The financial terms of the Liquifi deal remain undisclosed. According to Coinbase’s Head of Corporate Development, Aklil Ibssa, the company conducted a thorough due diligence process before finalizing the purchase. “We’re fully committed to Liquifi and stand firmly behind their mission,” Ibssa told Fortune.

Liquifi offers robust solutions for token distribution post-vesting, real-time cap table management, and automated tax withholding—positioning itself as the “Carta for crypto” in the Web3 space. Since its $5 million funding round led by Dragonfly in 2022 (with participation from Katie Haun and Balaji Srinivasan), Liquifi has built a client base of top Web3 projects.

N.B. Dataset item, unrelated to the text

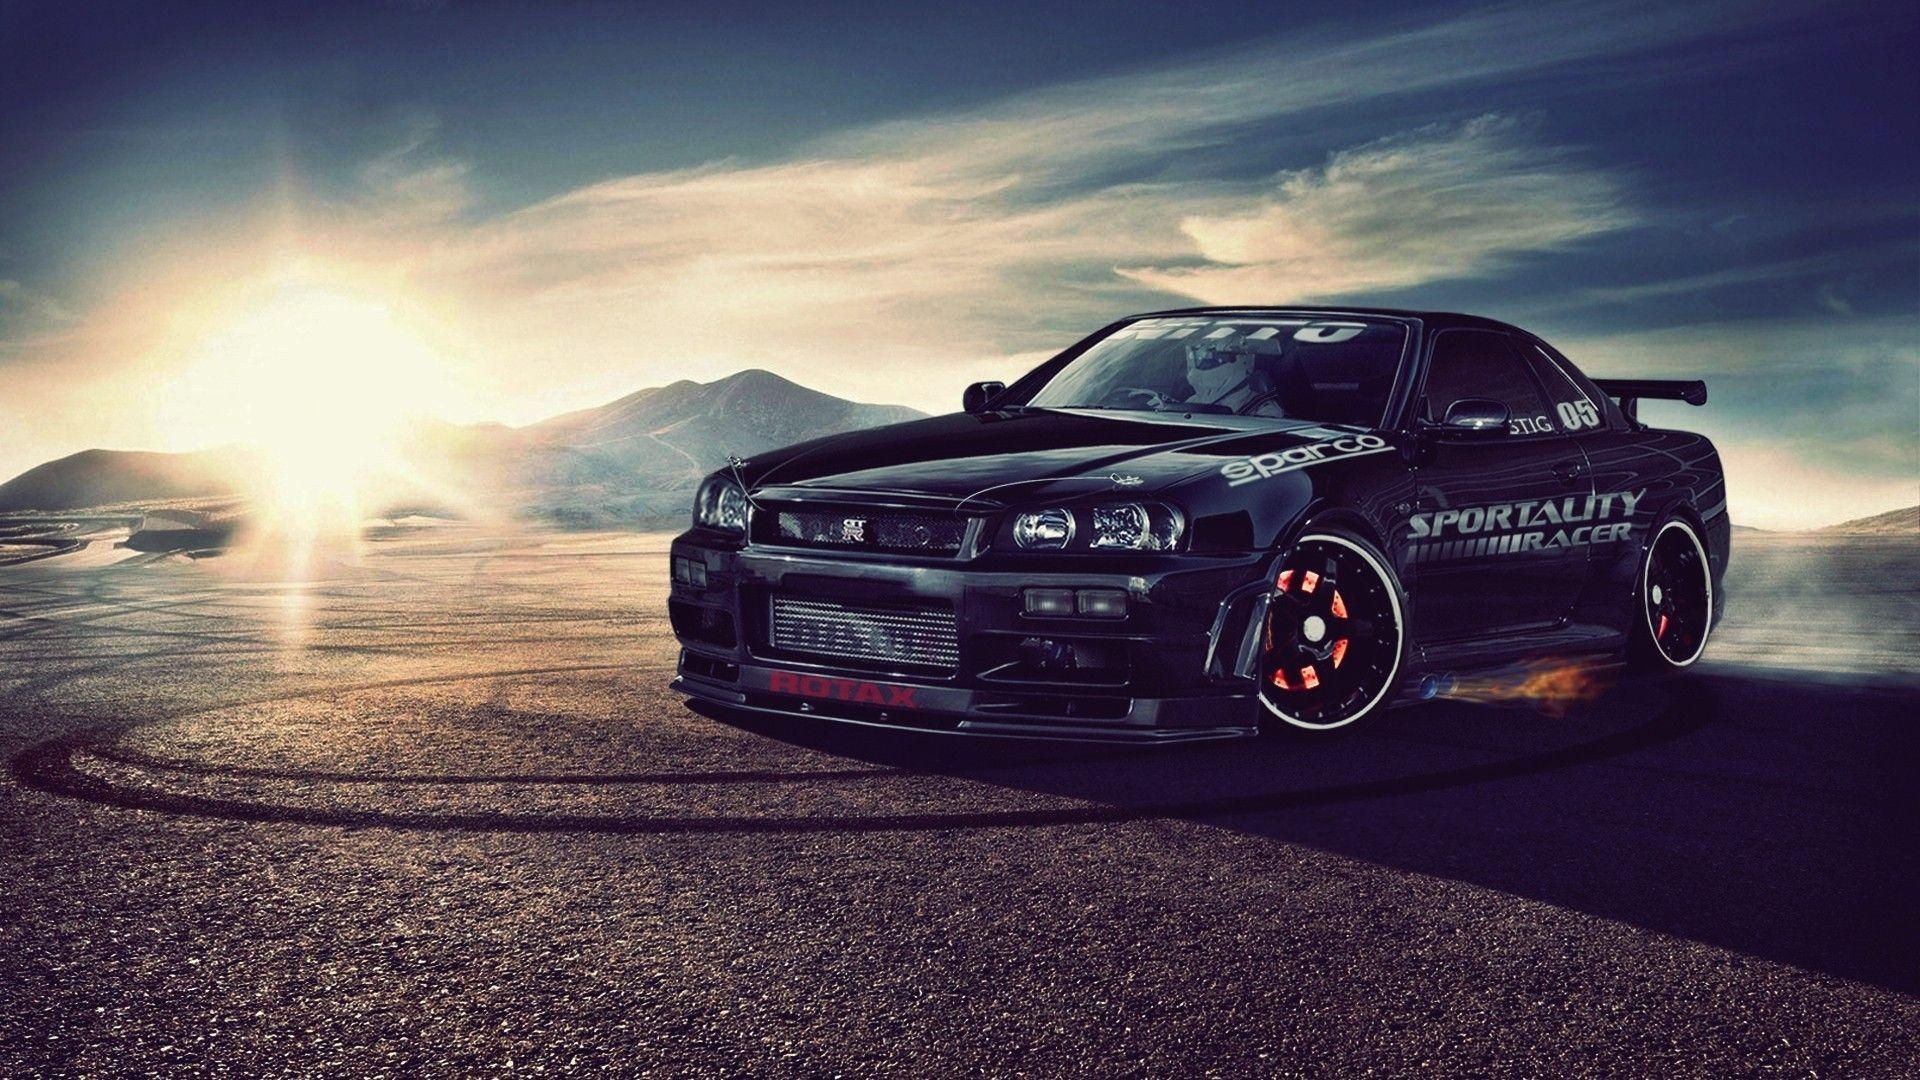 Best 50+ Nissan Skyline Gtr R34 Drift Car - work quotes

The acquisition is a strategic move as Coinbase continues building an end-to-end platform, enabling crypto projects to manage the entire lifecycle—from token creation through exchange listing. This expansion directly challenges launchpad models from competitors like Binance and OKX, who profit before token market debuts.

Notably, in December 2024, competitor Toku filed a lawsuit against Liquifi, alleging collusion with a former employee and theft of confidential information—a claim Liquifi denied, with Coinbase publicly backing the startup.

“Token creation and cap table management are critical to crypto’s lifecycle. If we aim to onboard a billion users into Web3, this process must be streamlined and secure,” Ibssa explained.

While previous U.S. regulatory uncertainty under SEC Chair Gary Gensler cast doubt on such deals, Ibssa noted that the current pro-crypto administration under President Donald Trump enables Coinbase to move more boldly: “Regulatory clarity allows us to take bigger swings.”

The broader crypto M&A landscape remains active. In June, Stripe acquired startup Bridge for $1.1 billion and crypto wallet Privy, as major players position themselves for the next wave of adoption. Recently, Coinbase also secured a MiCA license in the EU, opening new opportunities for regulated growth across Europe.